Re: Problems with Gambit



On Mar 25, 12:09 pm, "comp.lang.scheme" <phi50...@xxxxxxxx> wrote:

However, what impressed me was the performance of Larceny in a certain
class of problems that I am studying right now (I got a scholarship to
do the work of choosing a good Scheme or Common Lisp): Adaptative
filtering. Adaptative filtering is used to recognize signal patterns.
For instance, consider a guy who lost his arm.
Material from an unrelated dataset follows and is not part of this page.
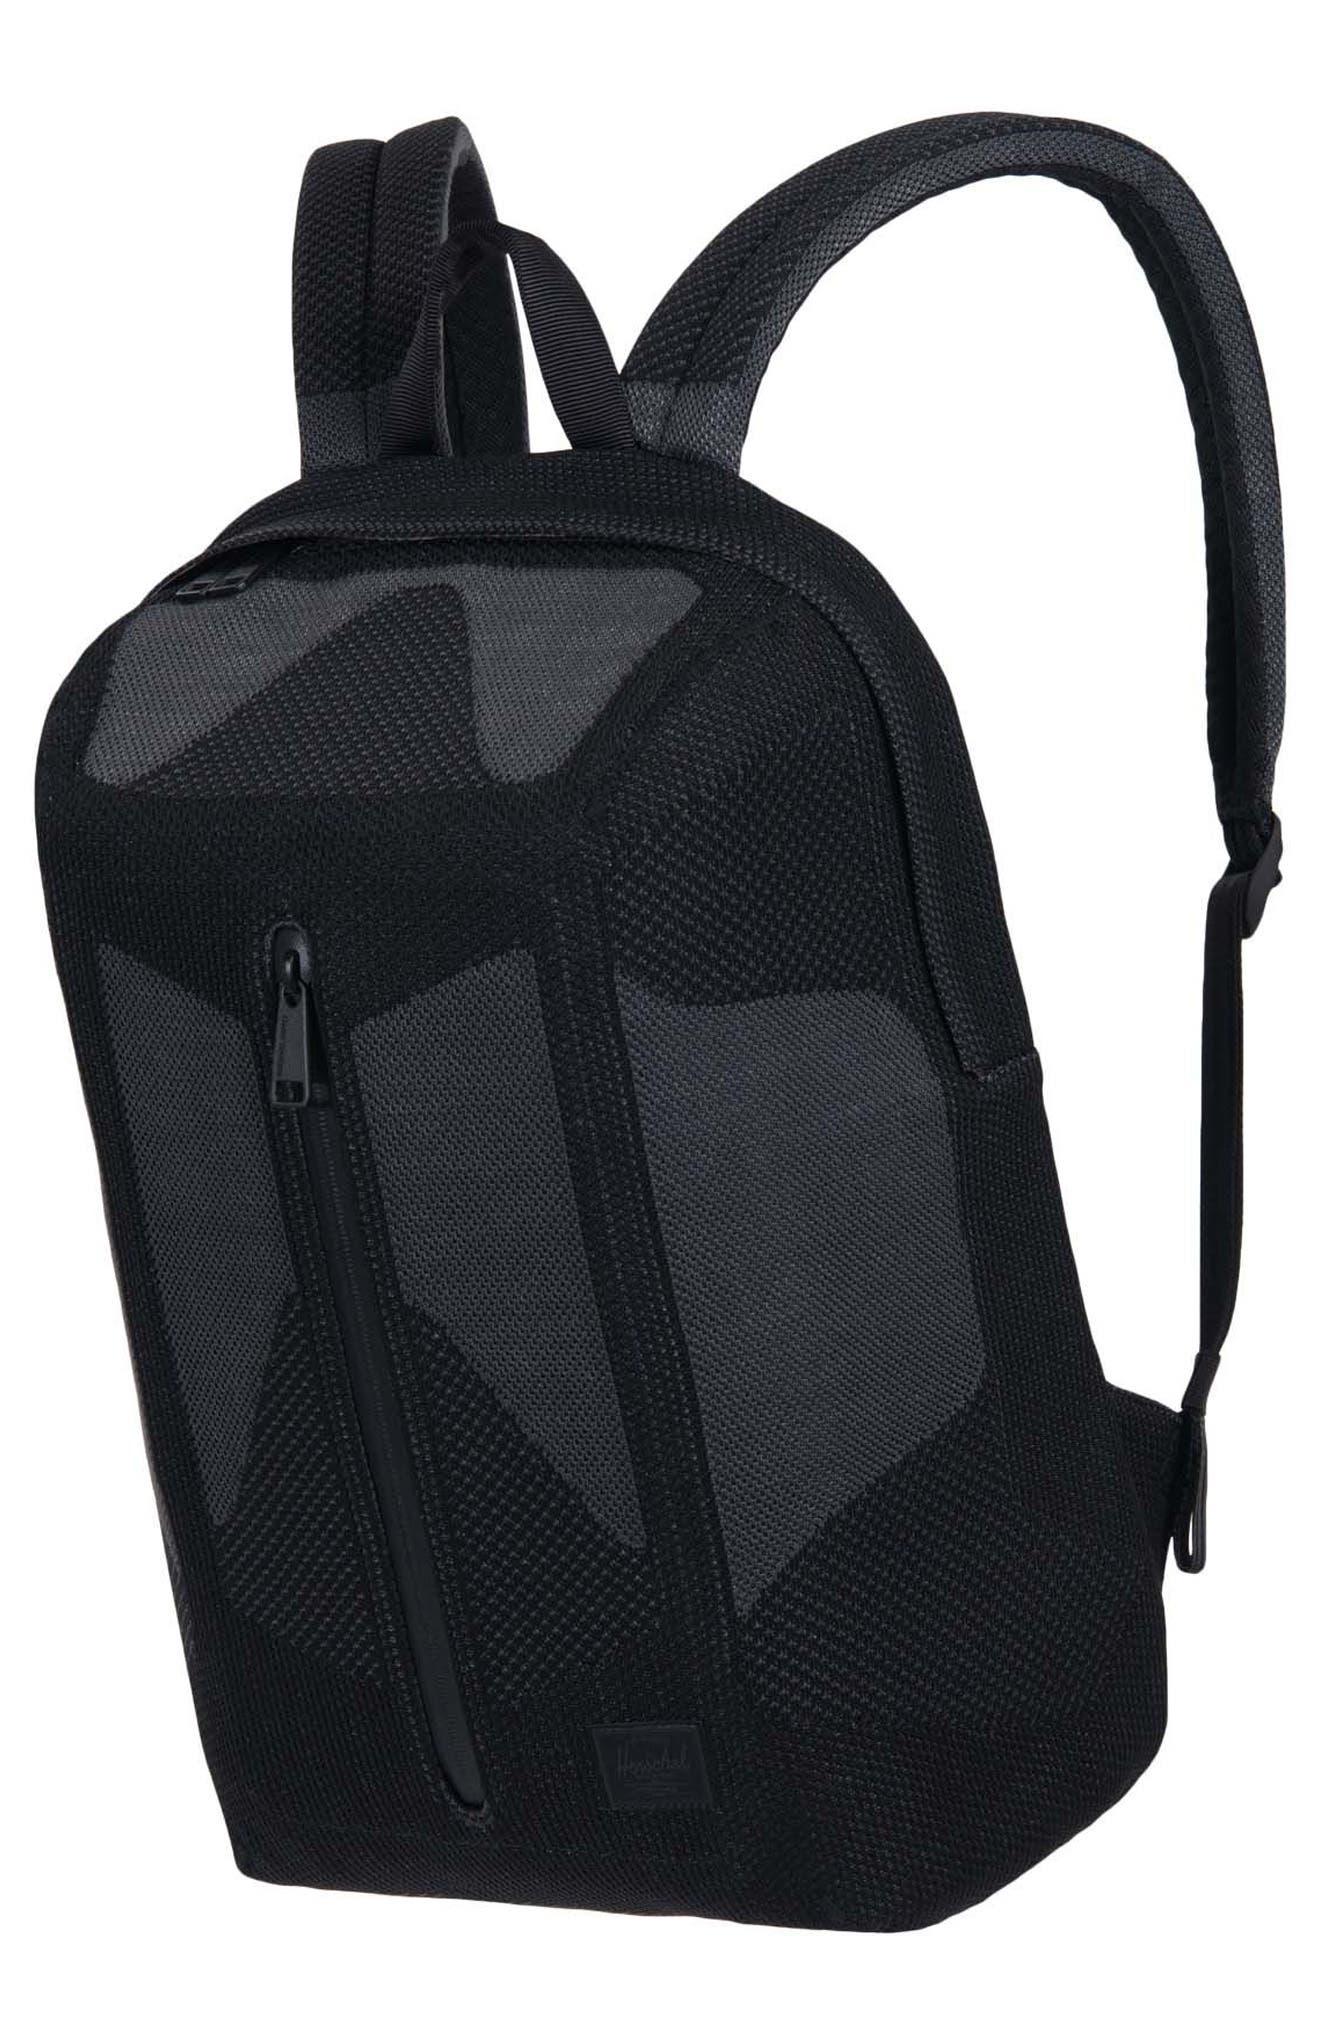 Apex Dayton Backpack,                             Main thumbnail 1, color,                             Black Beauty/ Dark Shadow

People pick an EMG
signal from his shoulder, and use it to discover how he wants to move
his prosthetic limb. When I was living in Logan, Utah, I saw a TV
program where a guy who could do almost everything with his prosthetic
arm. I was a student in Mount Logan Middle School, and I wrote a work
about the arm for a science assignment. My father also has a strong
interest in this kind of problem, and he helped me a lot. Things work
thus: Given a known signal, one must choose a bunch of functions, and
combine them in order to match the signal. The program creates random
functions, and tries to combine them. It chooses the functions that
require few coefficient to match the signal. When it faces an unknown
signal, it finds its coefficients. If the coefficients match the ones
in its data base, it has recognized the signal, and must move the arm
accordingly. The math is well beyond my knowledge of the subject, but
I know that there are two approaches for dealing with the problem. One
of them uses a thing called genetic programming, and the other uses
adaptative filtering. My father, and his friend Dr. Lombardo, who work
with this branch of knowledge, say that the two approaches produce the
same result, but adaptative filtering is faster.

I picked a few programs for recognizing EMG signals, and tried them
using many Schemes. The first thing that I noticed is that Scheme does
not seem to have a standard. I needed to modify all programs to make
them run on different Schemes. However, the surprise was that the
Scheme that I thought that was very slow, proved to be the fastest for
this kind of problem: Larceny. It is interesting that adaptative
filtering uses large arrays to represent the EMG signal, and Larceny
did not show good performance in array benchmarks. Do you have an idea
why this is so? I guess that I didn't program Bigloo and Gambit
correctly, but I was lucky with Larceny. BTW, SBCL also has very good
performance when dealing with LMS.

I used Gambit for genetic programming to discover algorithms for image
processing. (This was with Jens Palsberg, James R. Lee, and Sudhakar
Mamillapalli back in the 90s.) Here we evaluate each program at each
pixel location, so for a 512x512 image each program was evaluated
262,144 times. There were 2,000 programs per generation, so we
evaluated 524,288,000 programs x data each generation.

This is often enough that it proved very worthwhile (by more than an
order of magnitude) to compile the programs and to do preprocessing to
speed them up. We ended up doing a lot of partial evaluation to
eliminate computations, then we embedded the code for each program in
a loop that was totally lambda-lifted, converted to continuation-
passing style, and with all calls in tail position, so each program
was compiled to a state-machine with all variables in registers by
Gambit. Execution overhead was minimal (11 cycles per pixel, compared
to 29 cycles per pixel with a loop calling a single C function passed
to it as a pointer).

For example, the best program in generation zero for an edge detection
problem (#t means an edge) was

(< (divide-by-two (+ (* -1 (value (left point)))
(value point)))
(- 0 4))

The functions are

value: Evaluates an average value of the image near some point.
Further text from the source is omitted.